Но конец всего приближался. В 1623 году Массасойт послал гонца в Плимут, чтобы сказать, что он болен, и губернатор Брэдфорд послал к нему мистера Уинслоу с лекарствами и сердечными средствами. Когда они достигли определенной переправы, после того как Уинслоу выстрелил из своего ружья, к нему подошли индейцы из дома недалеко, которые сказали ему, что Массасойт умер и в тот день похоронен. Когда они подошли ближе, примерно за полчаса до захода солнца, пришел другой гонец и сказал им, что он не умер, хотя не было надежды, что они найдут его живым. Спеша вперед, они прибыли поздно ночью.
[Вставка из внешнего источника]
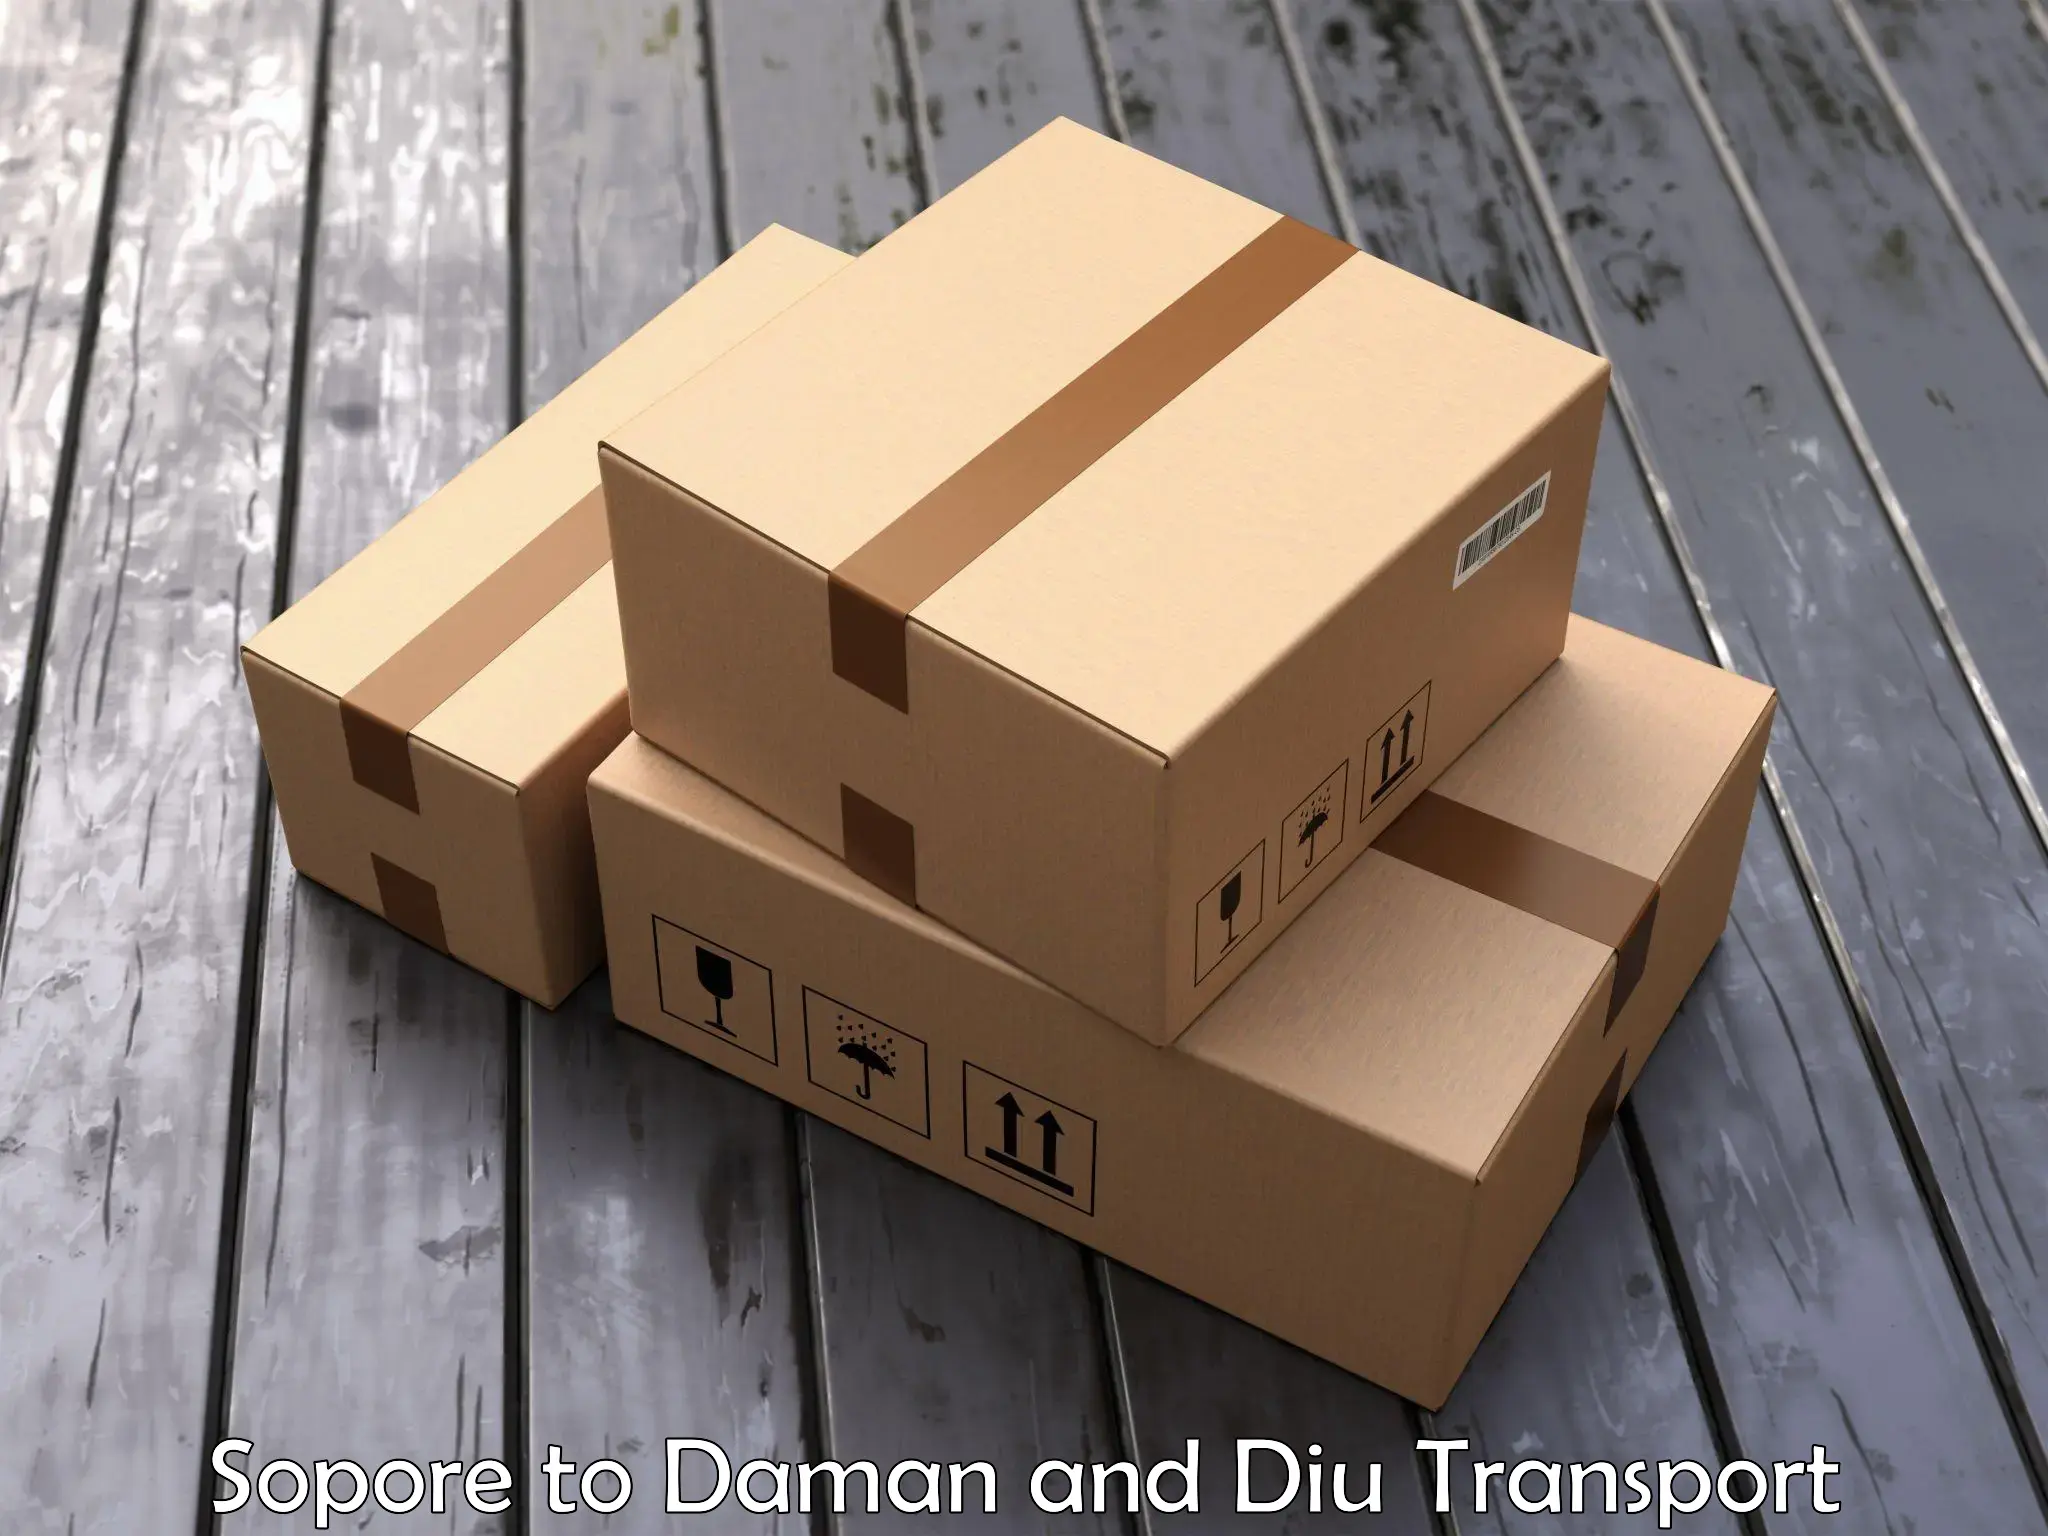 Vehicle parcel service Sopore to Daman

«Когда мы пришли туда, — пишет Уинслоу, — мы нашли дом настолько полным людей, что едва могли войти, хотя они использовали все свое усердие, чтобы освободить нам путь. Там они были в разгаре своих чар для него, издавая такой адский шум, что это расстроило нас, которые были здоровы, и поэтому вряд ли могло облегчить его, который был болен. Вокруг него было шесть или восемь женщин, которые растирали его руки, ноги и бедра, чтобы сохранить в нем тепло. Когда они закончили свое колдовство, один сказал ему, что его друзья, англичане, пришли навестить его. Имея остатки понимания, но его зрение было полностью потеряно, он спросил, кто пришел. Они сказали ему Уинсноу, ибо они не могут произнести букву l, но обычно n вместо нее. Он пожелал поговорить со мной. Когда я подошел к нему и они сказали ему об этом, он протянул мне руку, которую я взял. Когда он сказал дважды, хотя очень внутренне: «Keen Winsnow?» что значит «Ты ли Уинслоу?». Я ответил: «Ahhe»; то есть «Да». Затем он удвоил эти слова: «Matta neen wonckanet nanem, Winsnow!» То есть: «О, Уинслоу, я никогда больше не увижу тебя!». Затем я позвал Хоббамока и попросил его сказать Массасоуату, что губернатор, услышав о его болезни, сожалеет об этом; и хотя по многим делам он не мог прийти сам, все же он послал меня с такими вещами для него, которые он считал наиболее вероятными принести пользу в этой крайности; и если он пожелает принять их, я немедленно дам ему; что он пожелал, и имея конфету из многих комфортных консервов на кончике моего ножа, я дал ему немного, что я едва мог просунуть сквозь его зубы. Когда она растворилась во рту, он проглотил ее сок; чему те, кто был вокруг него, очень обрадовались, говоря, что он не глотал ничего в течение двух дней до этого». [11]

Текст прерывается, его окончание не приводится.